It is an object of the present invention to provide an apparatus for adding strongly reacting materials to a melt which can withstand both the thermal stresses and the high vapor pressures resulting from the chemical reactions therein.
According to the present invention the refractory material used to form the dip container is stabilized by the employment of reinforcing materials dispersed therein and the dip container is attached to the filling tube so that the refractory portion will not be subjected to radial stresses as the filling tube expands. The dimensions of the elements used in the inventive apparatus are chosen so that an expansion joint is created between the dip container and each of the filling tube and the protective top.
In one particular embodiment of the invention the dip container will include a basket-shaped metal container within the refractory portion, the relative dimensions of the metal container and the outer refractory portion being such as to provide an expansion joint therebetween. Also, the reinforcing materials in the outer refractory portion can be austenitic high-grade steel pieces.
A further understanding of the present invention will be now achieved by referring to the accompanying FIGURE taken in conjunction with the following discussion, the FIGURE showing a cross-sectional side elevational view of an apparatus constructed in accordance with one embodiment of the present invention.
The inventive apparatus includes a vessel 3 which has an open upper end and which contains a melt 2, a protective top 4 which covers the open upper end of vessel 3, an elongated filling tube 5 which sealingly extends through an opening in the protective top 4 from a point outside the vessel 3 to a lowermost end within vessel 3, and a dip container 1 which is mounted on the filling tube 5 in vessel 3. The dip container 1 functions to introduce strongly reacting materials supplied thereto via filling tube 5 to the melt 2 in vessel 3.
It can be seen that the elongated filling tube 5 includes a fastening flange 10 which connects the filling tube to the lower surface of the protective cover 4, as well as a support flange 9 which extends outwardly of its lowermost end.
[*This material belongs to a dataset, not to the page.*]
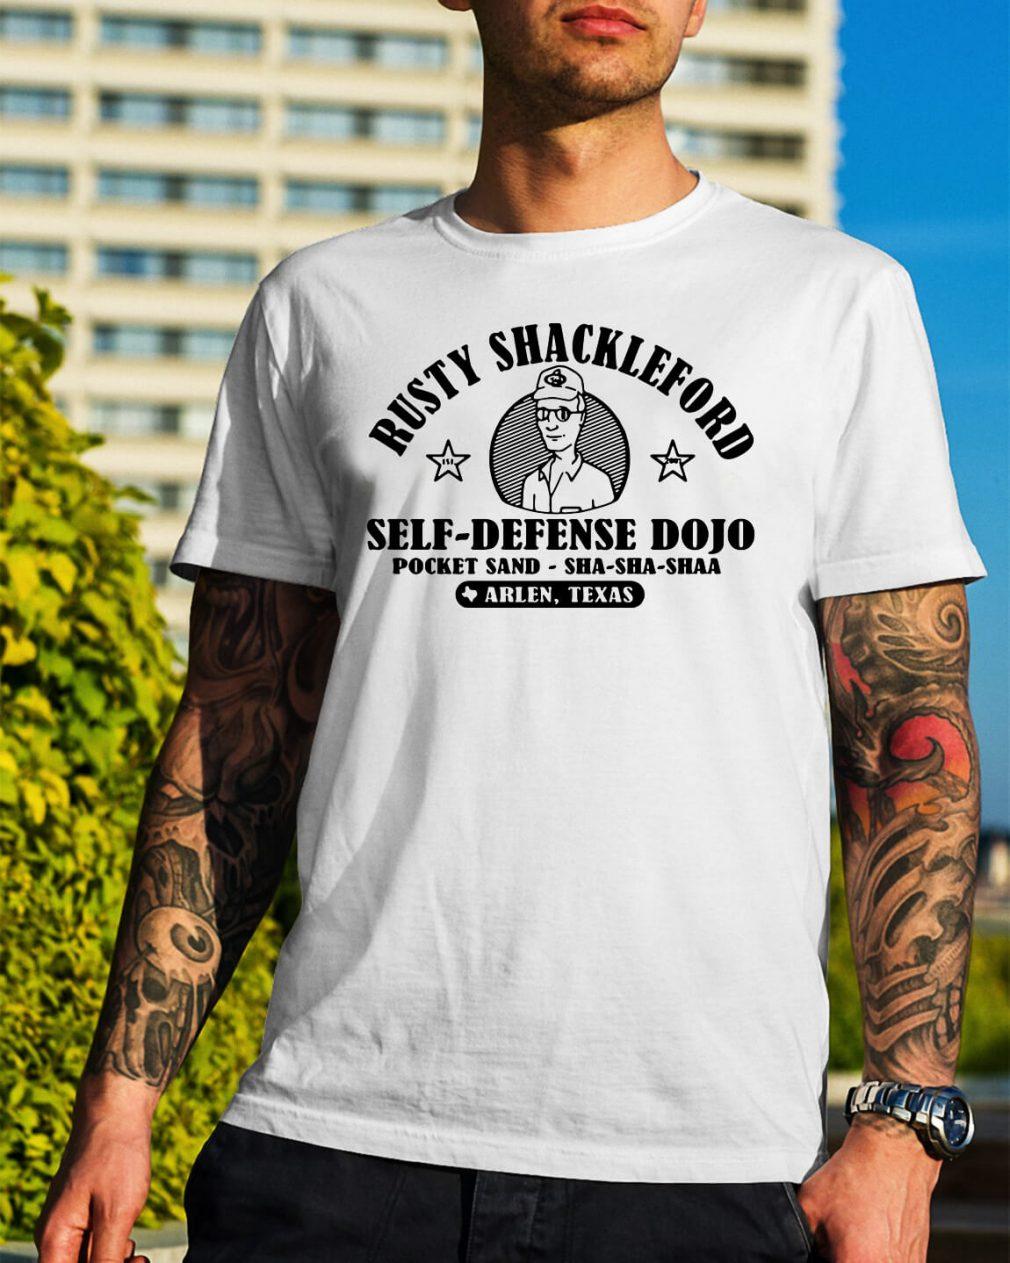 Rusty Shackleford self-defense dojo pocket sand-sha-sha-shaa shirt
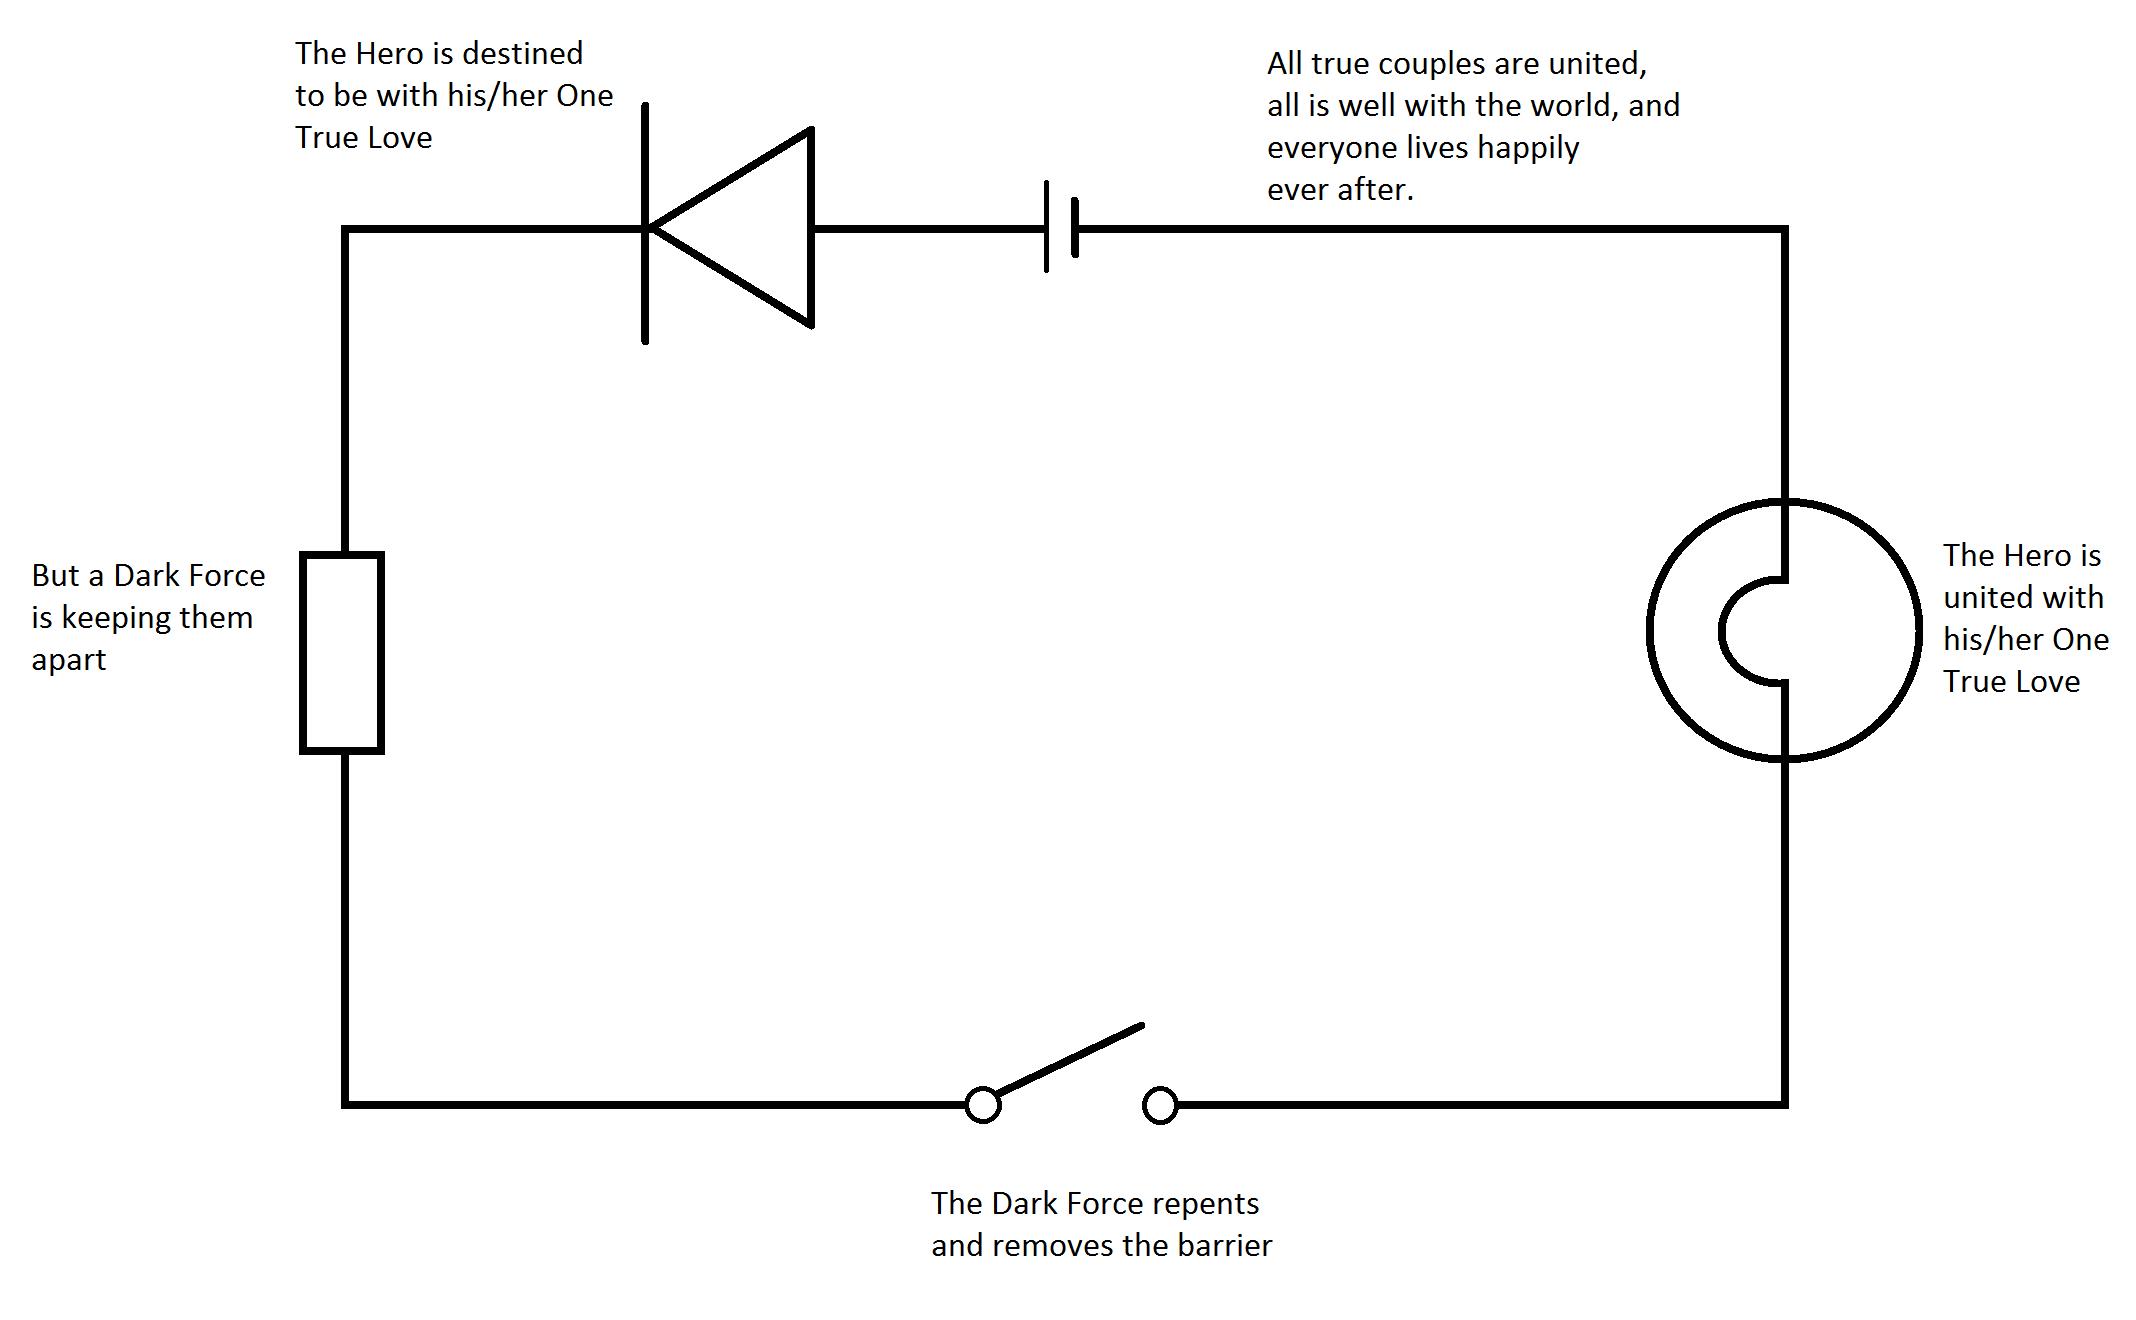 Basic Electrical Wiring Diagrams - Wiring Diagram Explained - Basic House Wiring Diagram

A rod 15a is movable within the inner passageway of filling tube 5 to move a plug 15 to either open or close the lowermost end of the filling tube.
The dip container 1 includes a basket-shaped metal container 12 which is connected to the support flange 9 and helps form an internal reaction chamber 7 below the lowermost end of the filing tube 5, an inner lining 12a located along the inside of the metal container 12 and an outer sheath 12b which covers not only the outside of the metal container 12 but extends upwardly to surround the filling tube 5 up to a point just below the fastening flange 10. A number of passageways 8 extend through the inner lining 12a, the metal container 12 and the outer sheath 12b to allow for communication between the melt 2 in vessel 3 and the strongly reacting materials in reaction chamber 7.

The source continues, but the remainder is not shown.